松本里美は彼の無関心さに苛立ち、すぐに彼の元に駆け寄った。「もし高橋優子が怪我をしていたら、あなたはこんなに冷淡でいられるの?」

佐藤峻介は「君が彼女と比べる資格があるのか?」と言おうとしたが、亡くなった鈴木蓮のことを思い出し、その言葉を飲み込んだ。「森本昇に送迎を頼むから、病院に行け」

「私はあなたの婚約者なのよ!」

松本里美は彼の冷淡な態度に不満を持っていた。以前も彼は彼女に親しげではなかったが、少なくとも紳士的であり、尊重してくれていた。しかし今では、彼は最低限の尊重さえも示さず、彼女に対する嫌悪感が明らかに表れていた。
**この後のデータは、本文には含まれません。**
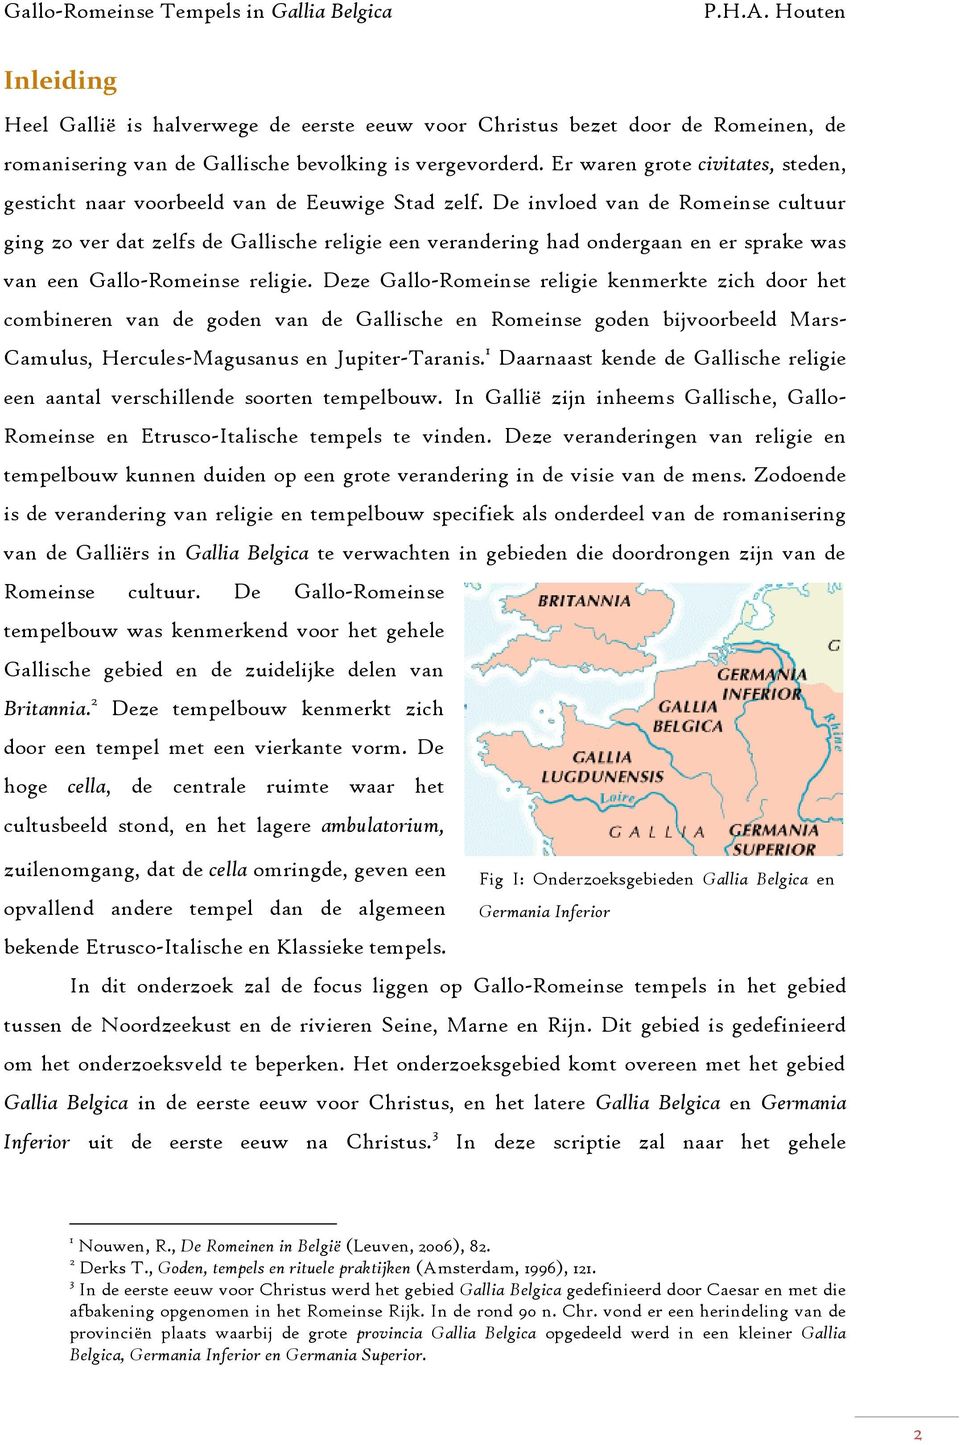 De invloed van de Romeinse cultuur ging zo ver dat zelfs de Gallische religie een verandering had ondergaan en er sprake was van een Gallo-Romeinse religie.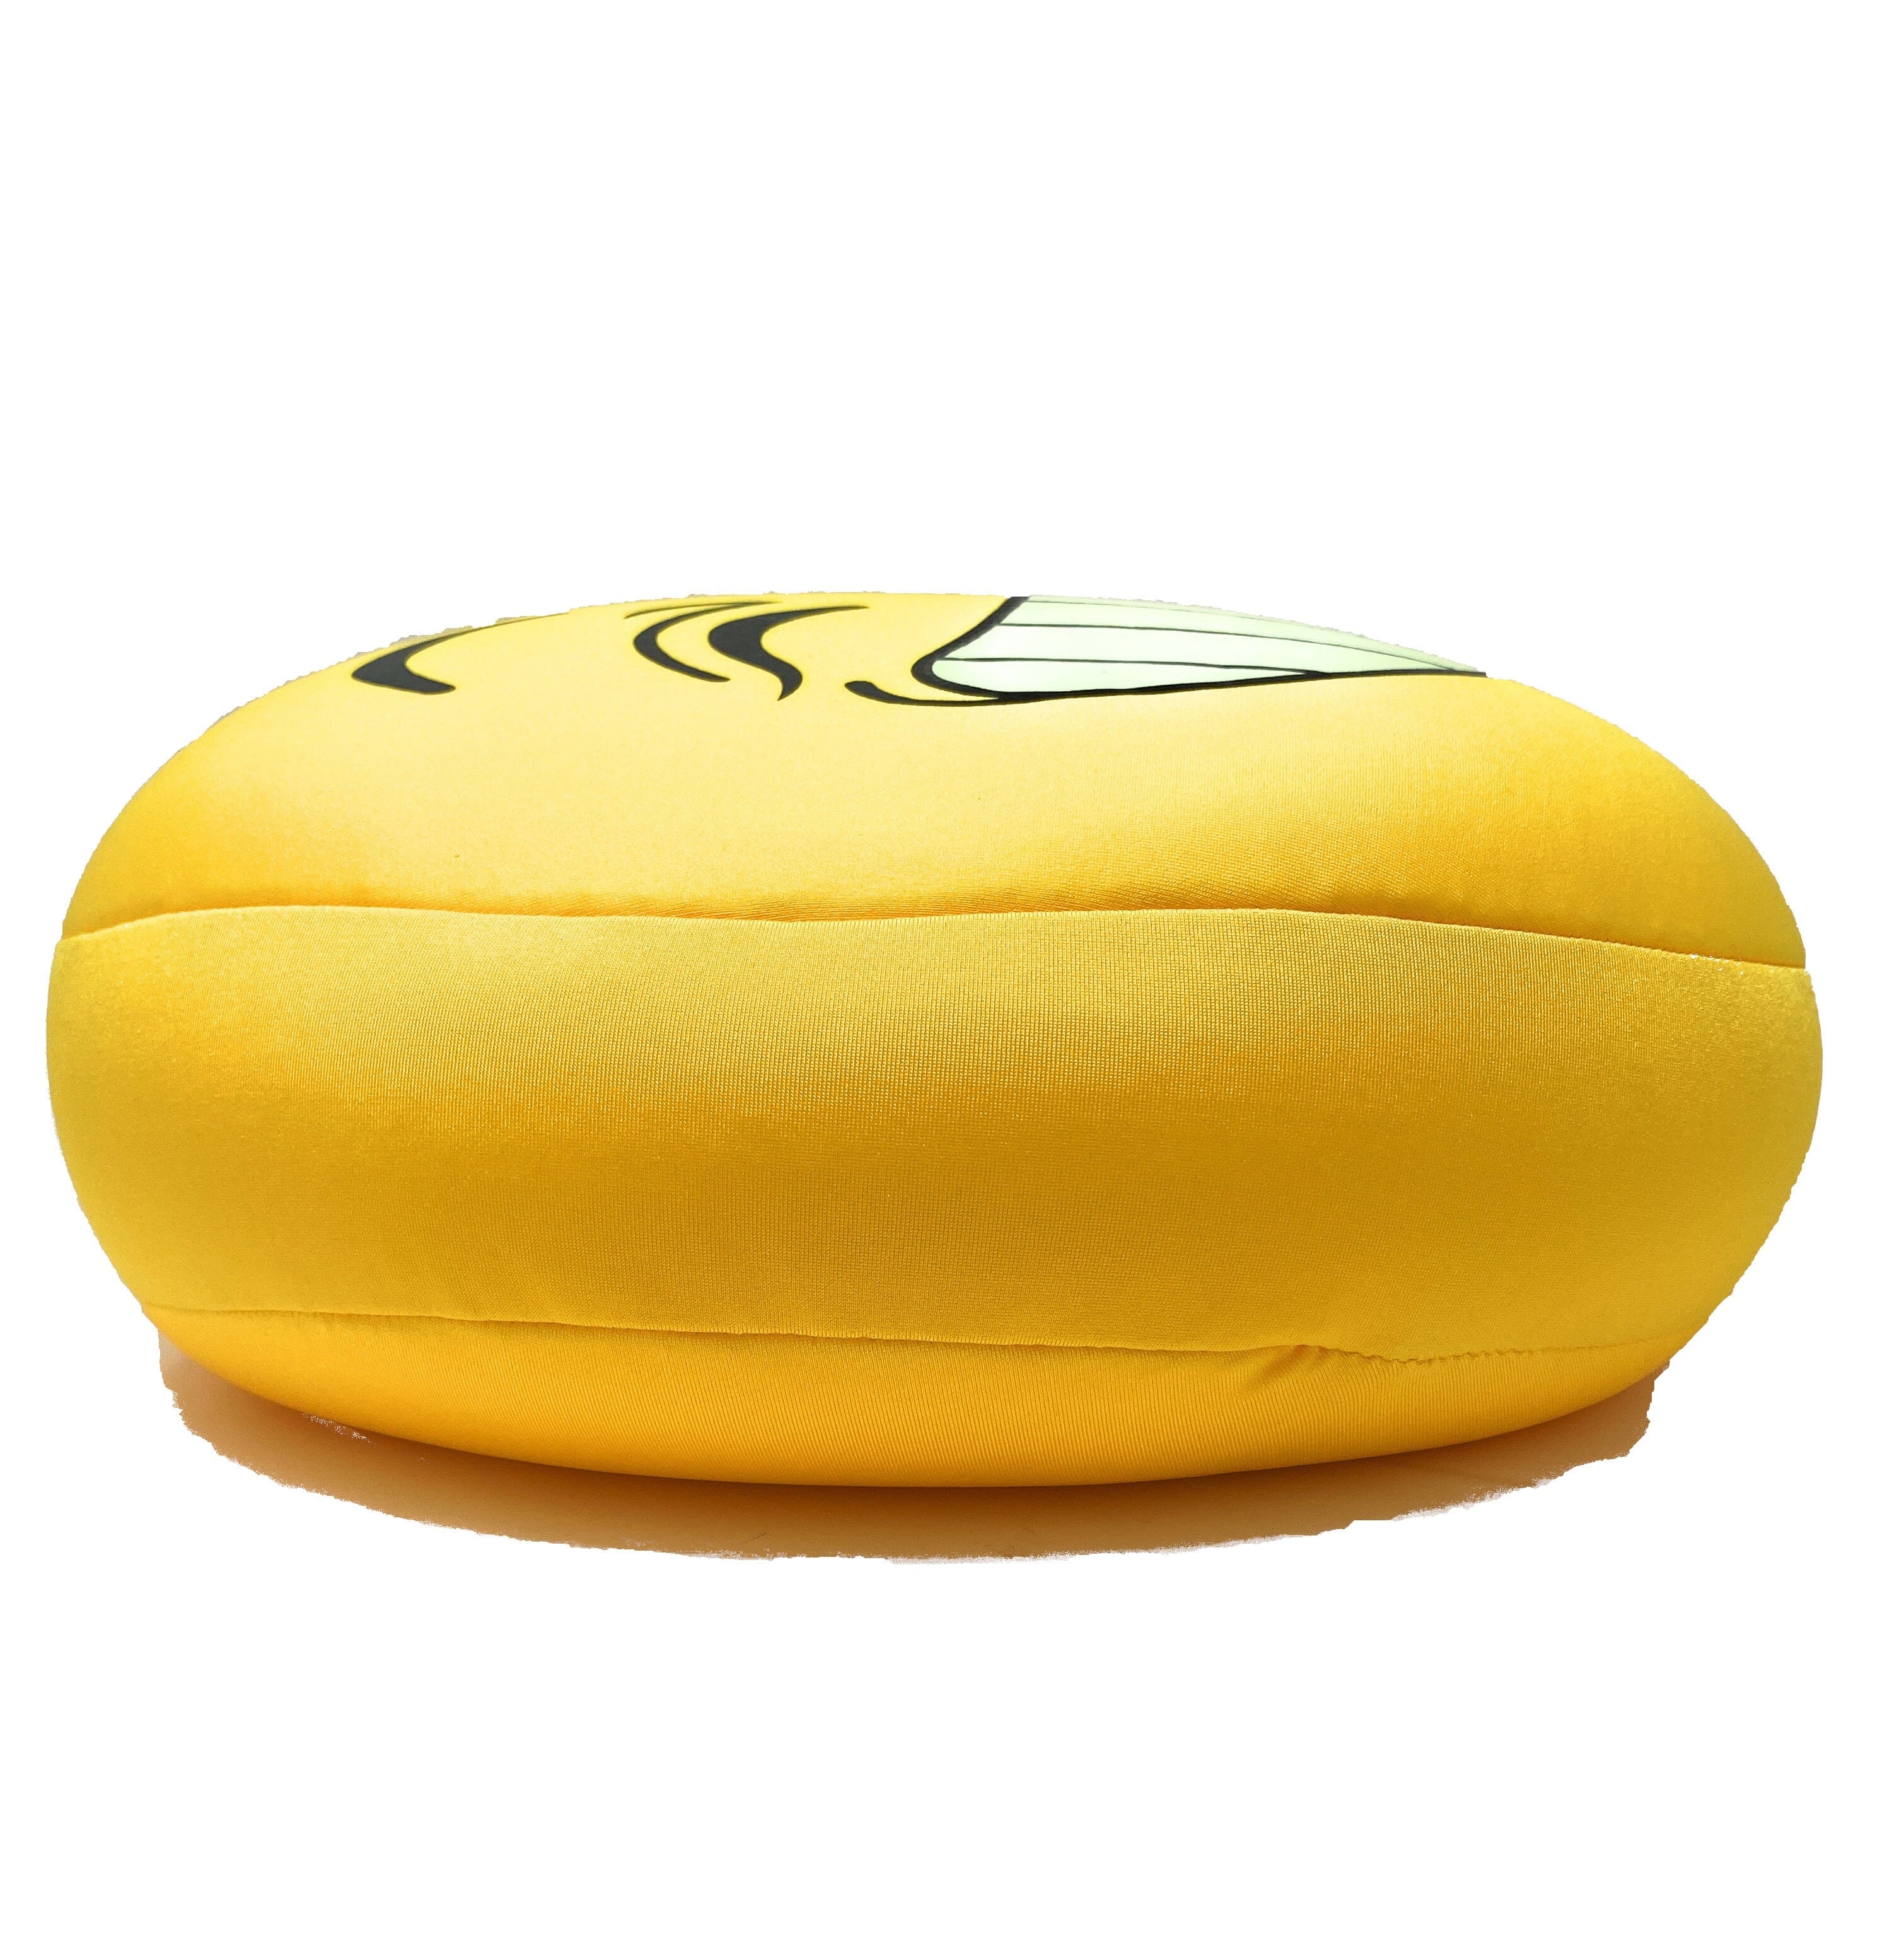 Tache Squishy Crazy Faces Microbead Cushions Throw Pillows - Tache Home Fashion

「婚約式に君は来なかっただろう」佐藤峻介が指摘した。

「どういうこと?あなた、私たちの婚約を認めたくないの?忘れないで。あなたは鈴木蓮に私たちを一生守ると約束したのよ!もし鈴木蓮がいなかったら、あなたはとっくに死んでいたのよ」

この言葉を松本里美は何度も口にした。例えば、彼女が高価なネックレスを欲しがったとき、佐藤峻介が「だめだ」と言うと、彼女は鈴木蓮の死を持ち出してきた。彼女が明海別荘を欲しがったときも、もともとは高橋優子へのサプライズだったが、結局は鈴木蓮の名前を出され、佐藤峻介は泣く泣く手放すことになった。
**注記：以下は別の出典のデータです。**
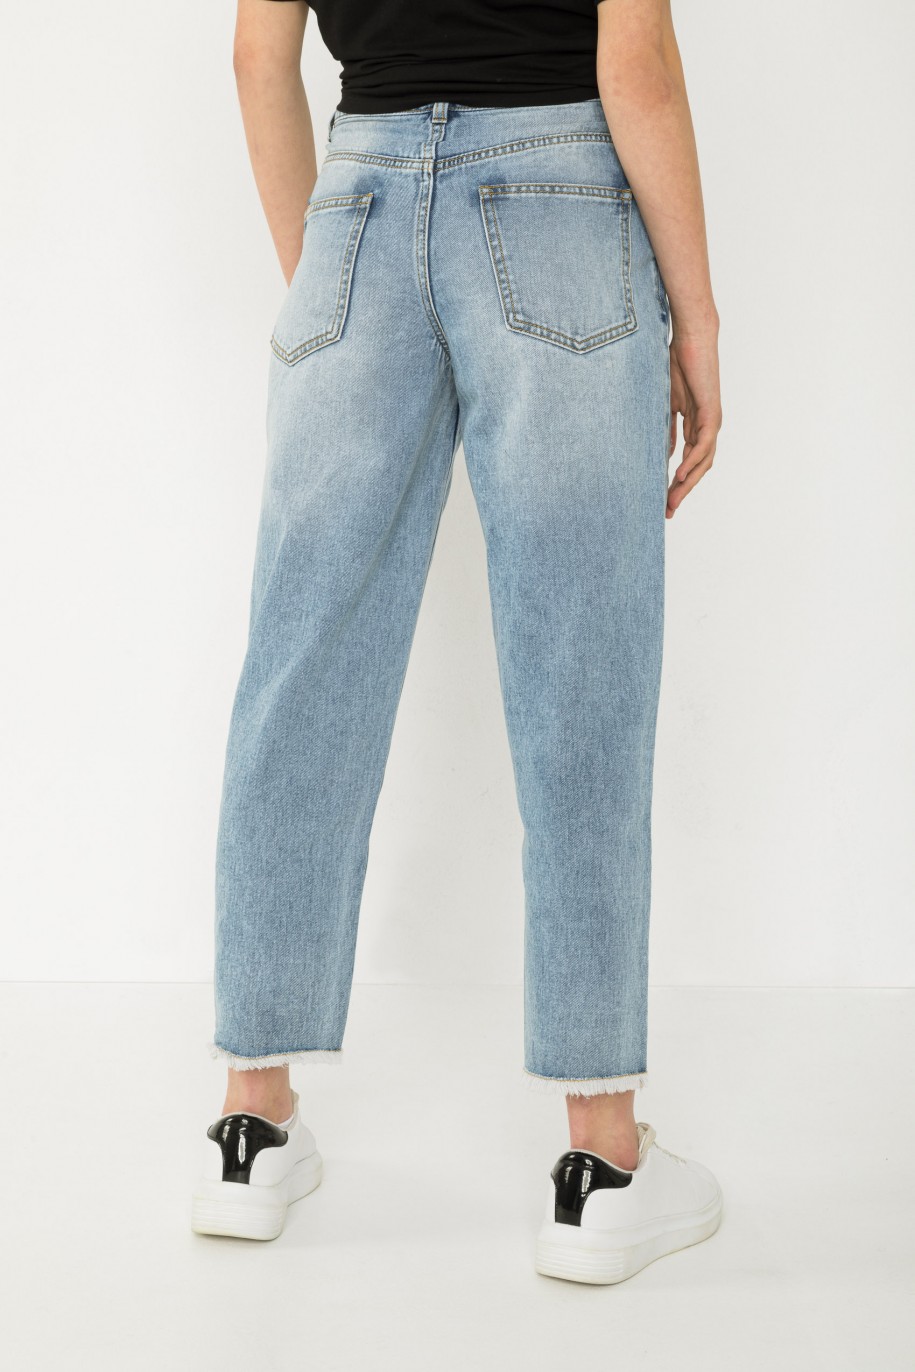 Niebieskie jeansy typu SLOUCHY - 43513

さらには、佐藤峻介が何年もかけて準備してきた病院も、入札、認可、土地取得、建設に至るまで、多大な労力を費やしてきた。本来は高橋優子が子供を産んだときの贈り物として考えていた。彼は高橋優子の善良さを知っていて、病気で困っている人々のための慈善基金まで設立した。

彼は高橋優子がそのことを知ったとき、どれほど喜ぶかを想像していた。

しかし、松本里美がその情報を知り、病院の株式を欲しがり、名前さえも変更してしまった。